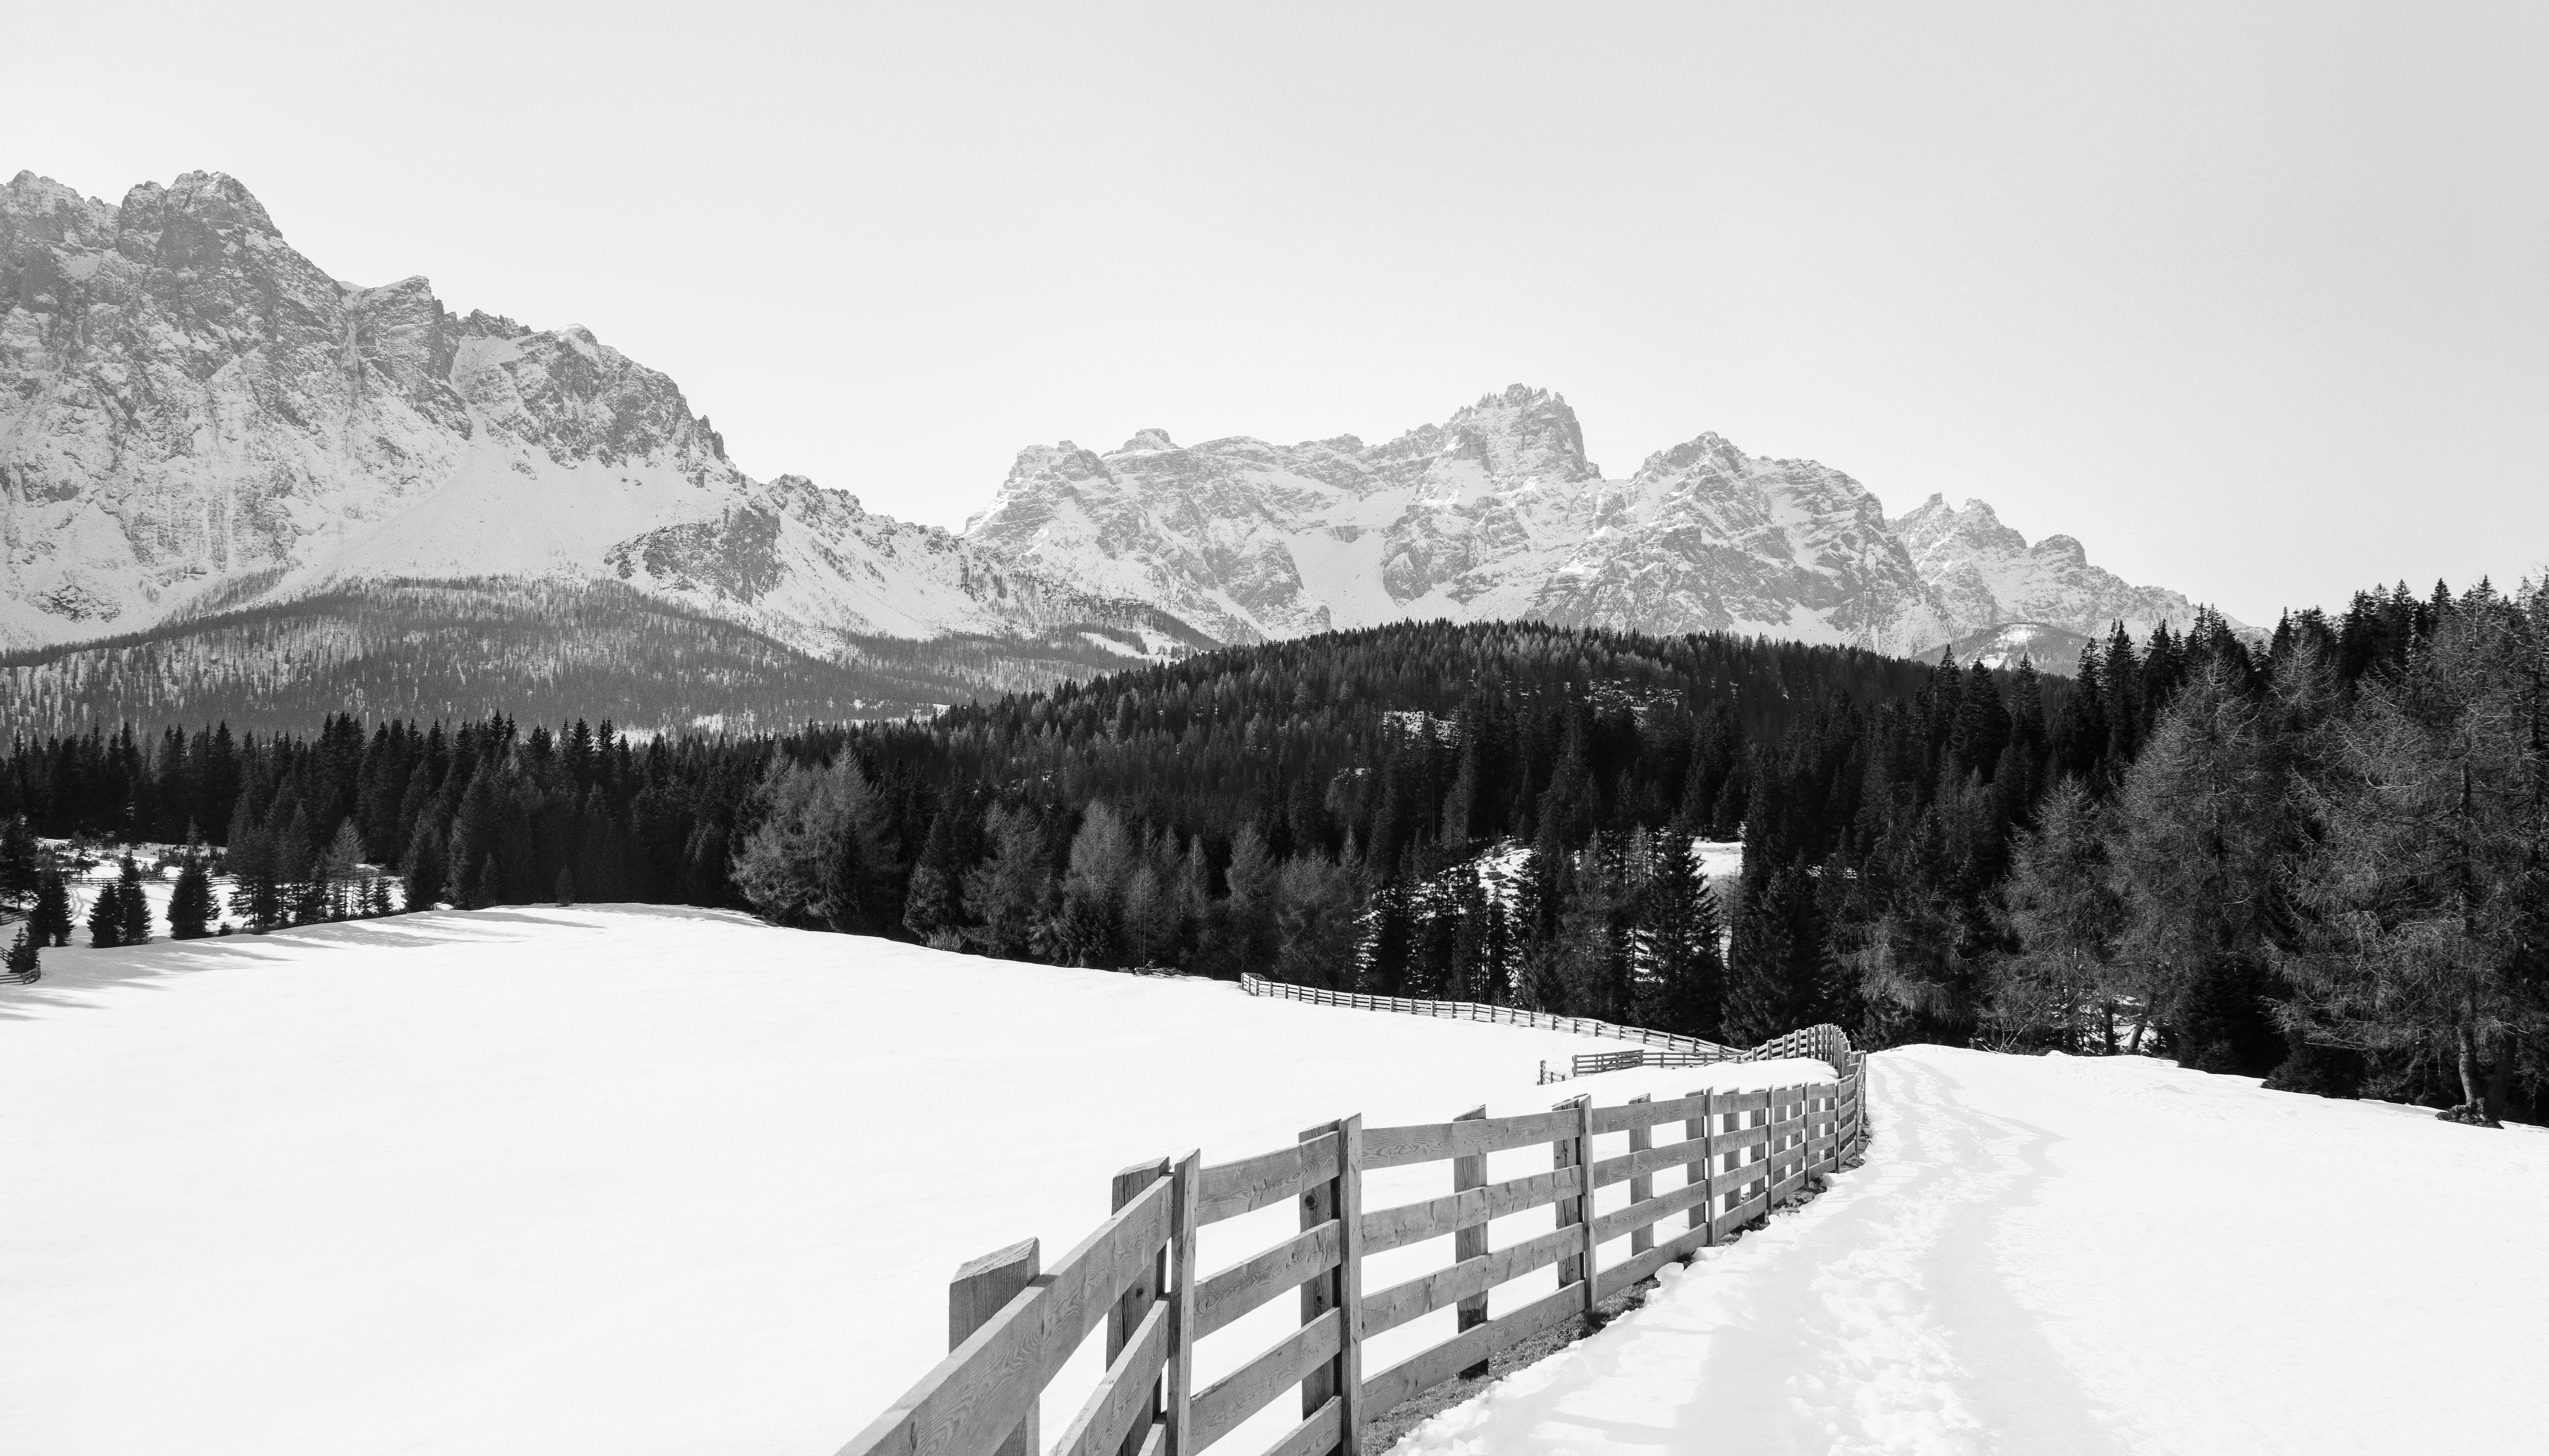 Ugne Pouwell Black and White Photograph – Dolomites No.2, Analogue Schwarz-Weiß-Gebirgefotografie, Ltd. 20
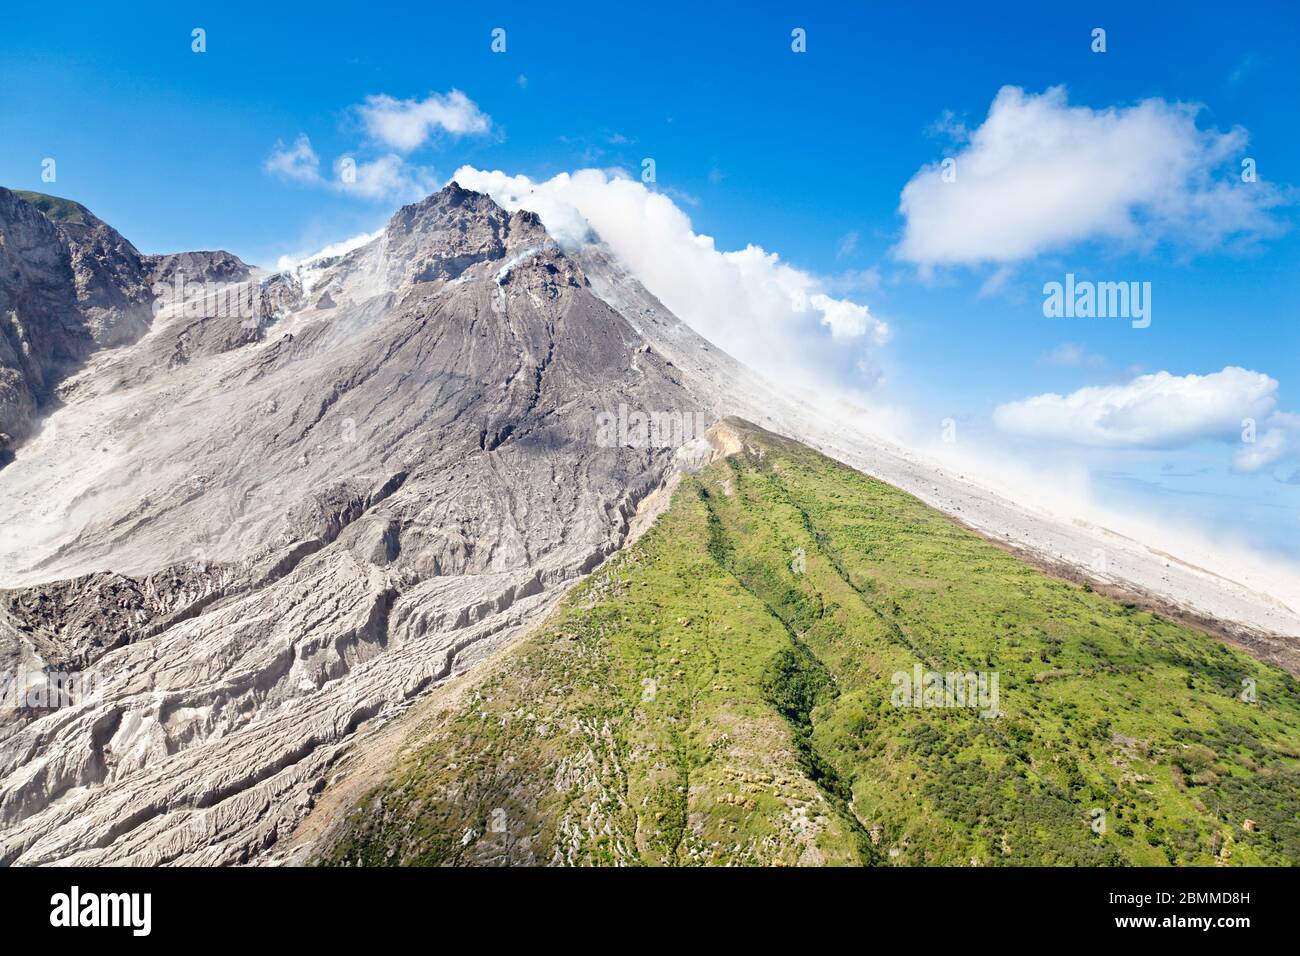 Der aktive Vulkan Soufriere Hills in Montserrat vom Hubschrauber aus gesehen. Die tote Landschaft wird häufig von neuen pyroklastischen Strömungen bedeckt. Stockfoto
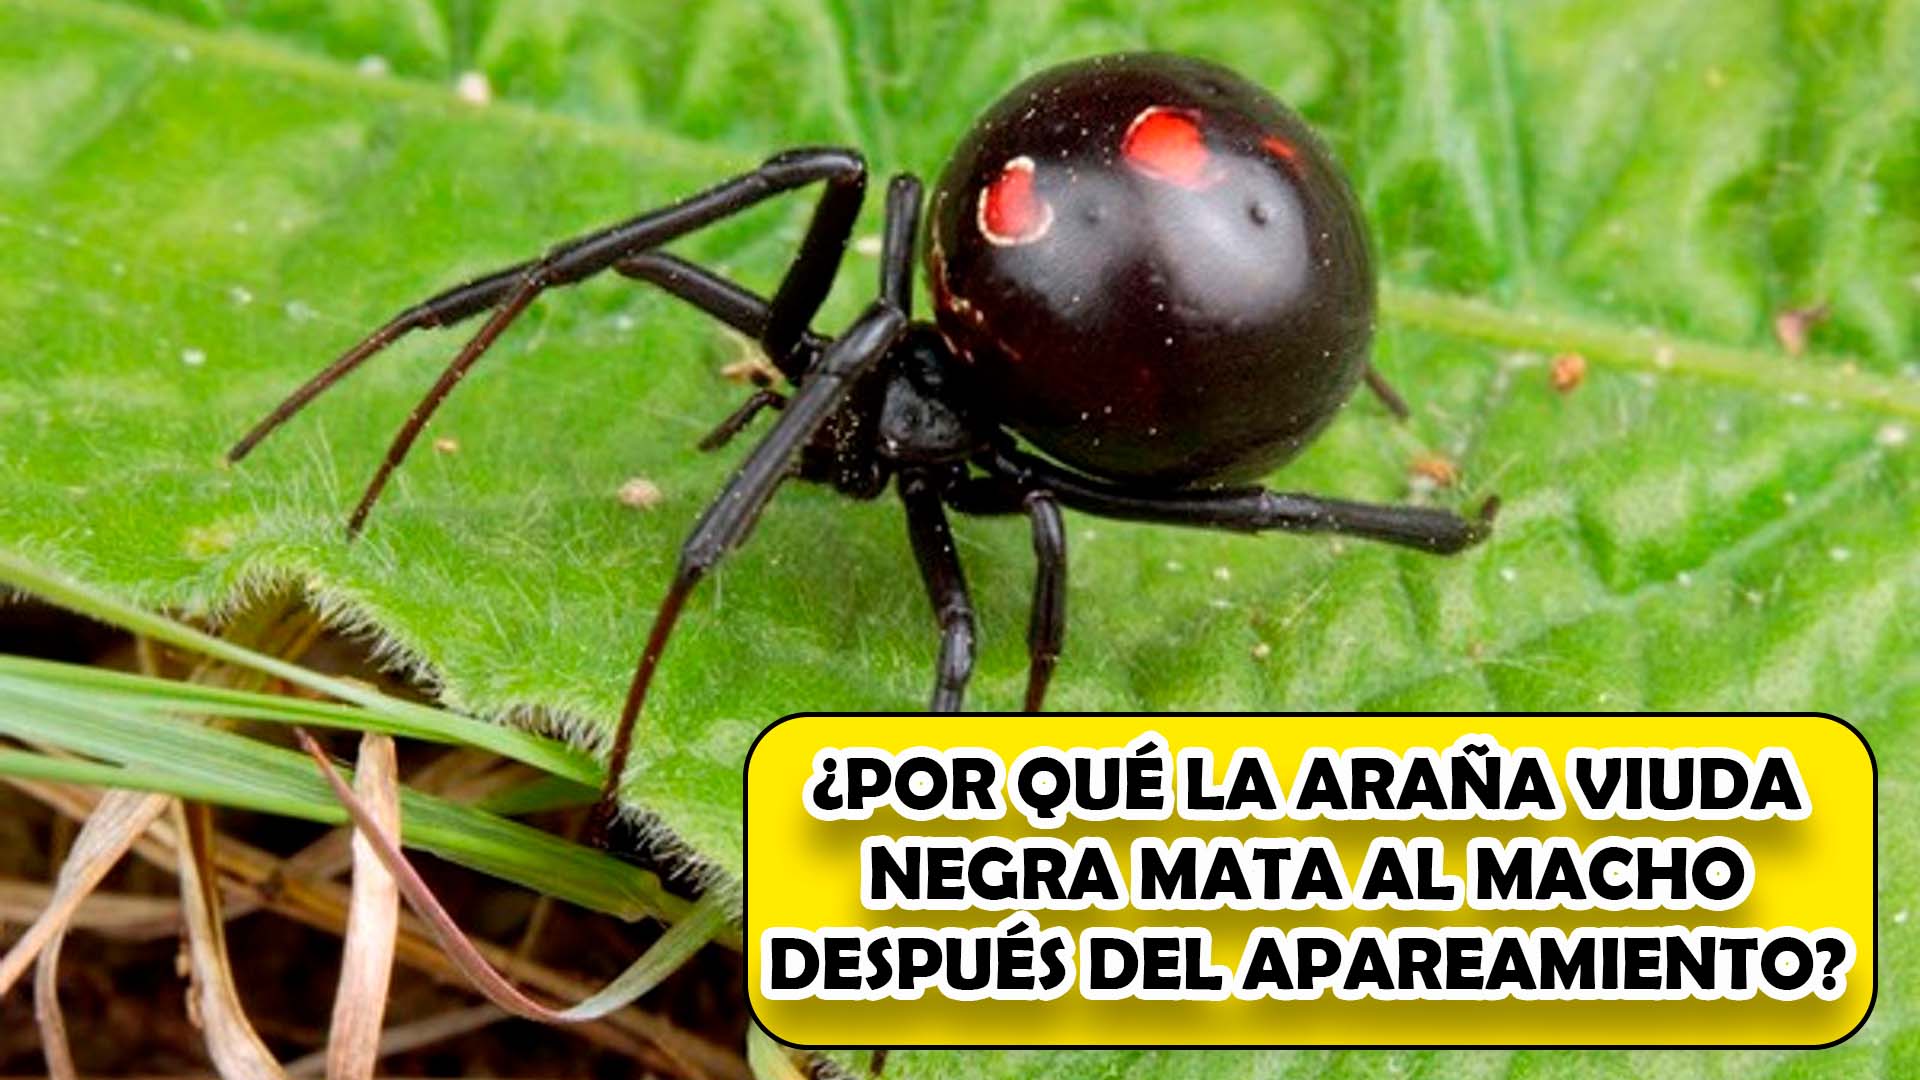 ¿Por qué la araña viuda negra mata al macho después del apareamiento?
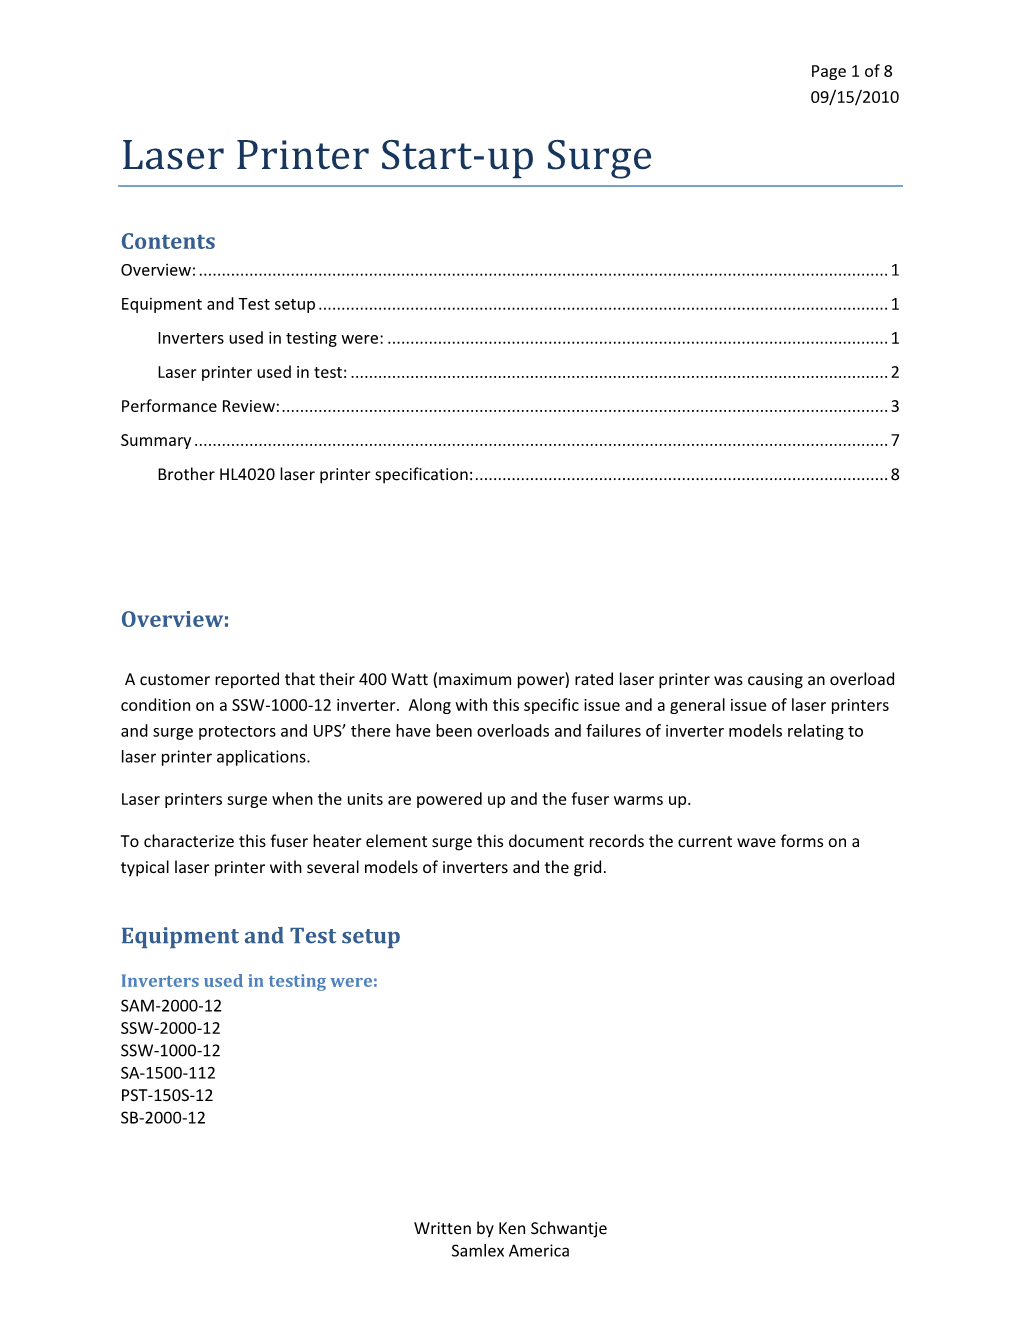 Laser Printer Start-Up Surge

-- What this task involves --
The answer must be the whole listing, word for word, with no pictures in it. Please write it out.

-- Exercise result --
 Ugne Pouwell Black and White Photograph – Dolomites No.2, Analogue Schwarz-Weiß-Gebirgefotografie, Ltd. 20
 Der aktive Vulkan Soufriere Hills in Montserrat vom Hubschrauber aus gesehen. Die tote Landschaft wird häufig von neuen pyroklastischen Strömungen bedeckt. Stockfoto
 ¿Por qué la araña viuda negra mata al macho después del apareamiento?
 Laser Printer Start-Up Surge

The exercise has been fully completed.